§ **MATERIAL FOR THE TASK**
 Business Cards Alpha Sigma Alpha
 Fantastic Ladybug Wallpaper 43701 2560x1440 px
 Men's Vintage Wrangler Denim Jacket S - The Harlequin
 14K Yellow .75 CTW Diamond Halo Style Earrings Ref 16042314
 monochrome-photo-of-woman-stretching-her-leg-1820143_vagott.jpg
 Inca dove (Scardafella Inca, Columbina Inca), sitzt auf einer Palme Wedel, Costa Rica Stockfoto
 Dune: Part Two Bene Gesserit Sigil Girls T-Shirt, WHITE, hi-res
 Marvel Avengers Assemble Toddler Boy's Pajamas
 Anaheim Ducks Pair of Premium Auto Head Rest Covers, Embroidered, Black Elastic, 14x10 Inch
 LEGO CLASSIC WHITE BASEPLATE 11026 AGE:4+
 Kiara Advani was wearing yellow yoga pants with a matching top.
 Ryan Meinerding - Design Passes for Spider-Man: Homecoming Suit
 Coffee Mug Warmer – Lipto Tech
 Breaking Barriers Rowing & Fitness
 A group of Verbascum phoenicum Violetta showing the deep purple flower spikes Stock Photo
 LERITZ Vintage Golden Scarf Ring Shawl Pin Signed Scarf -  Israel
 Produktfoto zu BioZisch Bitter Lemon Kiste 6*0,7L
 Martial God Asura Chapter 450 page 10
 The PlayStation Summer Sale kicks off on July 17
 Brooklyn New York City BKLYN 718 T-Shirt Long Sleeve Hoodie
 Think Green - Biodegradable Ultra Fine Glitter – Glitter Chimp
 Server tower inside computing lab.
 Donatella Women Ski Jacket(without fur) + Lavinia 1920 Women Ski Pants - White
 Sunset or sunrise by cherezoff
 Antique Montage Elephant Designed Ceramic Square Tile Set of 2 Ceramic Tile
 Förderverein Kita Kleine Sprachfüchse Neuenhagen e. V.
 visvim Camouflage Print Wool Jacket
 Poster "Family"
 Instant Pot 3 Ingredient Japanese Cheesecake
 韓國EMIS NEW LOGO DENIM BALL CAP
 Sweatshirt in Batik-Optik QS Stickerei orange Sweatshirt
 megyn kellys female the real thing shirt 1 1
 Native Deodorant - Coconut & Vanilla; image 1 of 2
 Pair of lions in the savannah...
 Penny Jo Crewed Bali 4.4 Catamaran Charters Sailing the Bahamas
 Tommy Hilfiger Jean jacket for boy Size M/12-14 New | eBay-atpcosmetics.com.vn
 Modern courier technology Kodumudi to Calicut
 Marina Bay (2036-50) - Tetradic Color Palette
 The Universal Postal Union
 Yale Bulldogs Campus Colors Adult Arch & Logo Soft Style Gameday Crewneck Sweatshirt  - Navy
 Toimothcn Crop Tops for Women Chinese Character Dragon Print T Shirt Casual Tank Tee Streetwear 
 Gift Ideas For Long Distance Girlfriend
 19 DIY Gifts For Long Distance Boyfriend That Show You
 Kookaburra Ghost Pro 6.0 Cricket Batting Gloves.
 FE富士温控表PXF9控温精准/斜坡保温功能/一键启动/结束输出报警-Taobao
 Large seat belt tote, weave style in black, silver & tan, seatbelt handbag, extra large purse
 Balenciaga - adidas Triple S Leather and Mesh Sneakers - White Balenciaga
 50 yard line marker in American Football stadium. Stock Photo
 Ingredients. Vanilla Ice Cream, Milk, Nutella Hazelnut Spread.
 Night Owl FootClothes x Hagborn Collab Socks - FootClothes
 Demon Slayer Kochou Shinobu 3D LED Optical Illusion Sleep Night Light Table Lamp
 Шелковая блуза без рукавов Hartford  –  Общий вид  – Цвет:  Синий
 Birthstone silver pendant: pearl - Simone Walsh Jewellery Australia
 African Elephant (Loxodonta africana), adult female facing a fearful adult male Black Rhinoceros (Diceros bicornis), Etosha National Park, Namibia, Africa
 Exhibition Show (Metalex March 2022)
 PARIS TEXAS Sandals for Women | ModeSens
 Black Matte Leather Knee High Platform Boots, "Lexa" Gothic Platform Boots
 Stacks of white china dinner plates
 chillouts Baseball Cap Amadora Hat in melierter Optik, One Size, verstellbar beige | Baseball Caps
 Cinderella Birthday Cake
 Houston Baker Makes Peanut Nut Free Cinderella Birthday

§ **TASK**
Set apart and copy each line of the records that holds the word "Long".

§ **OUTPUT FOR THIS EXERCISE**
 Brooklyn New York City BKLYN 718 T-Shirt Long Sleeve Hoodie
 Gift Ideas For Long Distance Girlfriend
 19 DIY Gifts For Long Distance Boyfriend That Show You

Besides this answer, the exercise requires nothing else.